_Your instructions_: Reproduce the listing in full. Omit the pictures.

_Raw data_:
↓

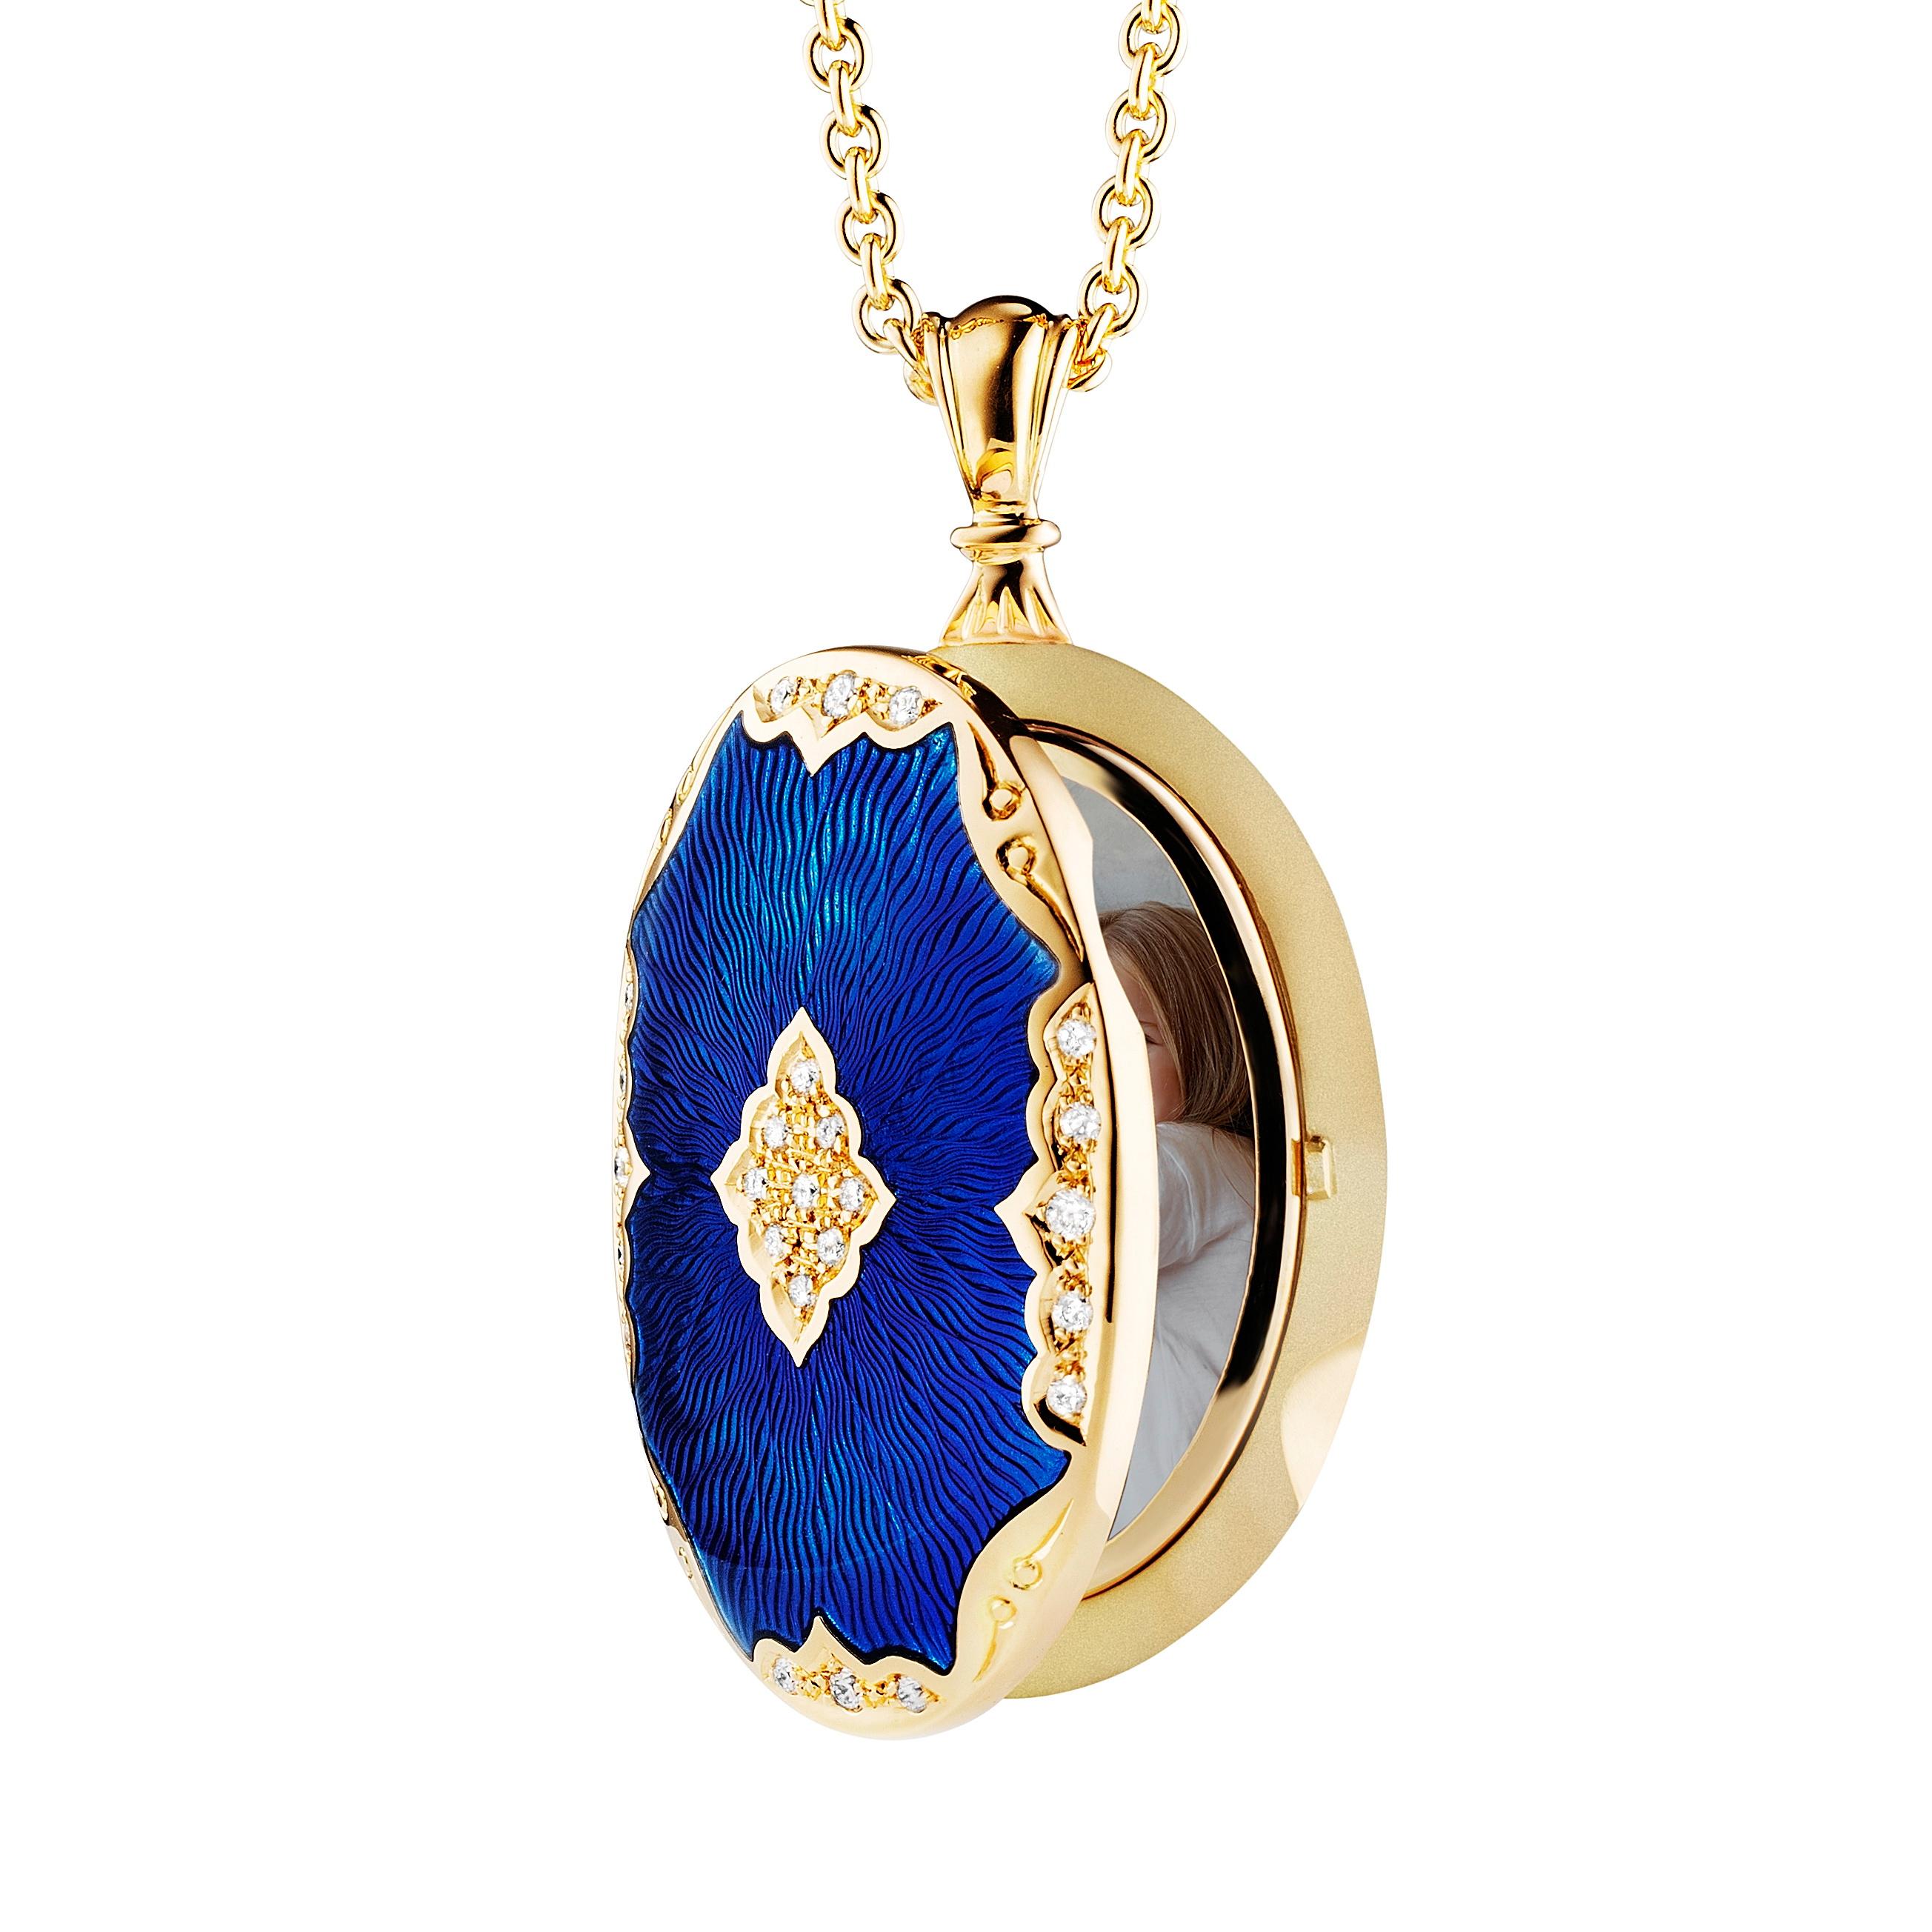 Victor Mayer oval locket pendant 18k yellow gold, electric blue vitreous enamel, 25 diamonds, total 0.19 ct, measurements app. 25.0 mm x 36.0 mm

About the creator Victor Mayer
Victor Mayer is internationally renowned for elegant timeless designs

↑

_Problem solution_:
 Victor Mayer oval locket pendant 18k yellow gold, electric blue vitreous enamel, 25 diamonds, total 0.19 ct, measurements app. 25.0 mm x 36.0 mm

About the creator Victor Mayer
Victor Mayer is internationally renowned for elegant timeless designs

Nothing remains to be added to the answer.